Assignment 2 : PDF Document Q&A Chatbot

Abstract

The PDF Document Summarization Q&A Chatbot is a specialized tool designed to help users extract and summarize information from PDF documents. This project aims to develop a tool for analysts to efficiently load PDF documents from the U.S. Securities and Exchange Commission (SEC) website and obtain summaries. The team is evaluating two possible libraries, Nougat and PyPDF, for text extraction. Additionally, the project draws inspiration from the Open AI cookbook to build a question and answer (Q&A) system based on books 2 and 3.

Team Members 👥

Aditya Kawale
- NUID 002766716
- Email [email protected]
Nidhi Singh
- NUID 002925684
- Email [email protected]
Uddhav Zambare
- NUID 002199488
- Email [email protected]

Project Structure

backend
├── Pipfile
├── Pipfile.lock
├── README.md
├── example.env
├── fastapiservice
│   ├── __init__.py
│   ├── filecache
│   │   └── README.md
│   ├── postman
│   │   └── damg7245-assgn2-chatbot-private-files.postman_collection.json
│   ├── src
│   │   ├── __init__.py
│   │   ├── app.py
│   │   ├── chatanswer.py
│   │   ├── processpdf.py
│   │   └── utilities
│   │       ├── __init__.py
│   │       └── customexception.py
│   └── test
│       ├── __init__.py
│       └── test_app.py
└── fine-tune model
    └── create-model.ipynb

frontend
├── README.md
├── diagram
│   ├── architecture-assgn1-generator.py
│   └── architecture-assgn2-generator.py
├── images
│   ├── pdf_processing_flow.png
│   ├── qa_chatbot_for_pdfs_architecture.png
│   ├── streamlit.png
│   └── user.png
├── main.py
├── pages
│   ├── architecture-assign1.py
│   └── architecture-assign2.py
└── requirements.txt

Links 📎

Codelab Doc - link
Nougat Library - link
SEC Forms - link
PyPDF Documentation - link
Open AI Cookbook - link
Streamlit - link

Architecture 👷🏻‍♂️

Project Workflow

Step 1: Input PDF URLs

Users initiate the process by providing web links to PDF documents.
The system validates and downloads the PDFs, saving them in cache memory for further processing.

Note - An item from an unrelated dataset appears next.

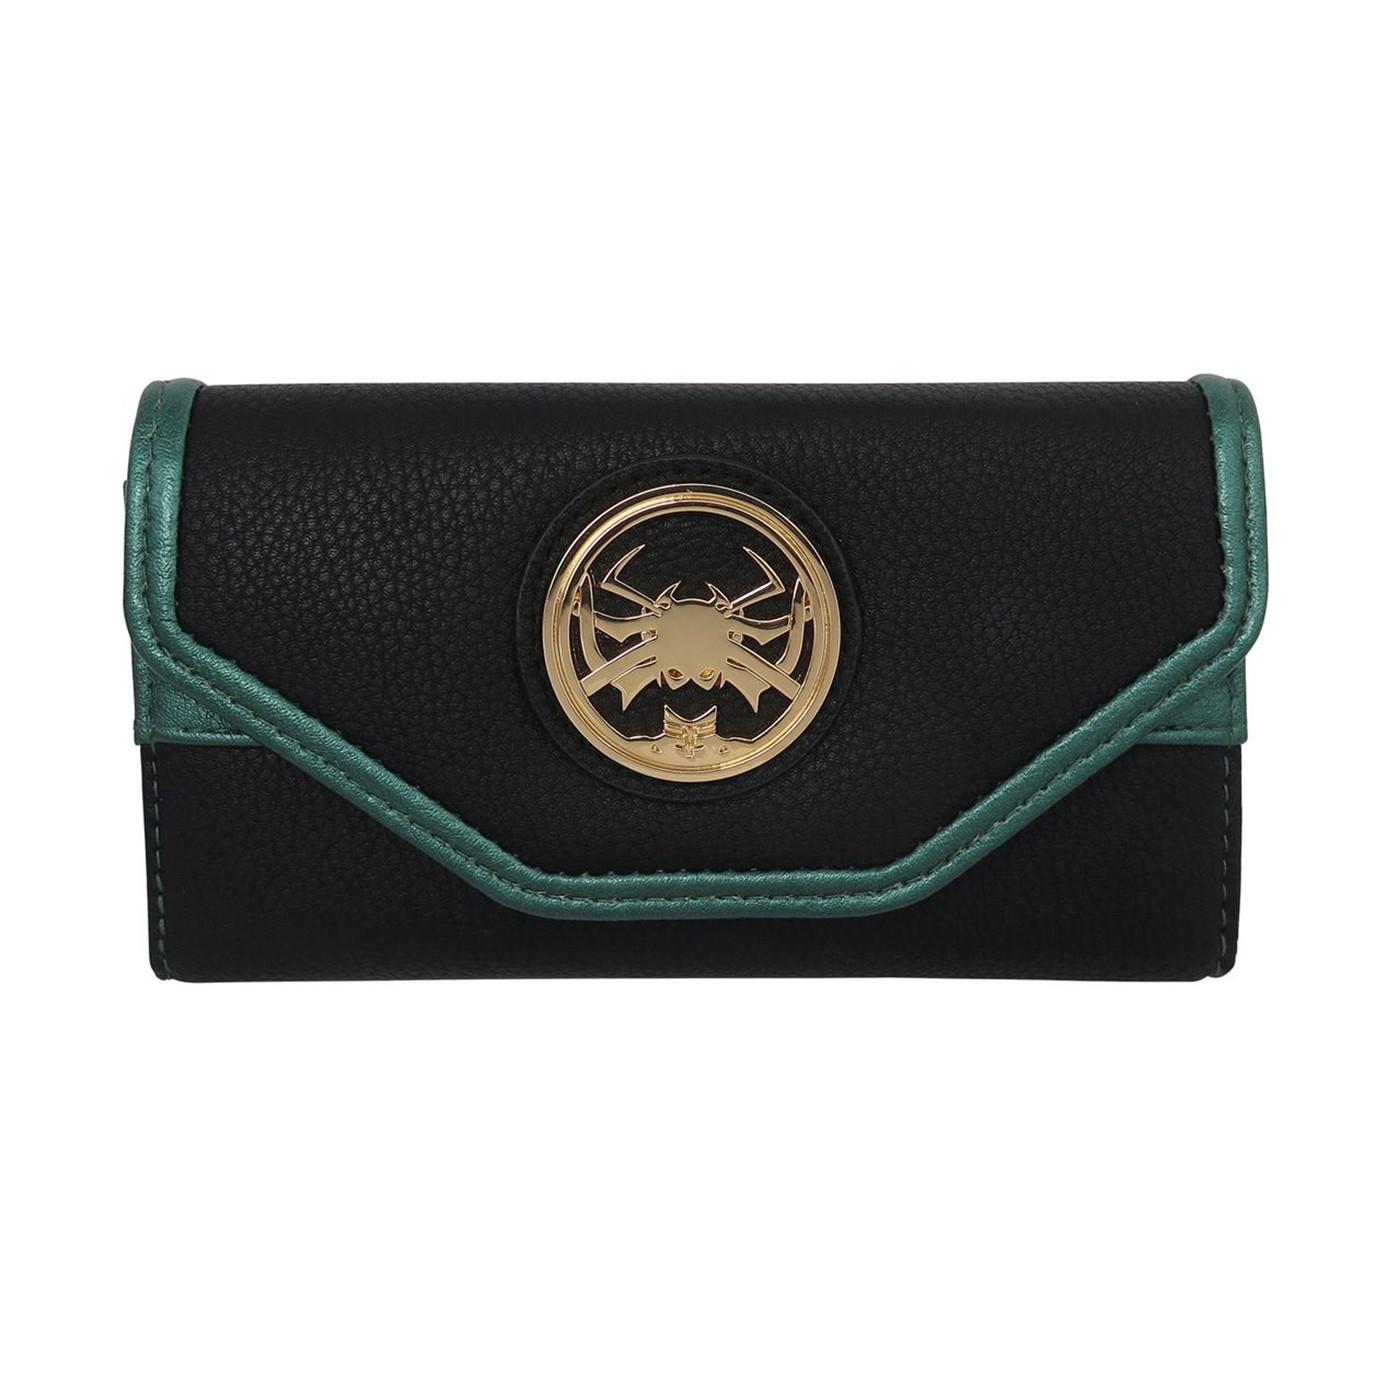 Thor Hela Women's Flap Wallet

Step 2: Choose PDF Processor

Users choose between PyPDF and Nougat for text extraction from the PDFs.

Step 3: Create Sections of Processed PDF

Text is segmented into coherent sections of approximately 1000 tokens.
Sections are grouped and embedded for convenient access.

Step 4: Generate a Model

Select the "gpt-3.5-turbo-instruct" model for AI-based Q&A.
Create question-answer pairs for model training.
Format the data for fine-tuning and use the Open AI Finetuning Job API.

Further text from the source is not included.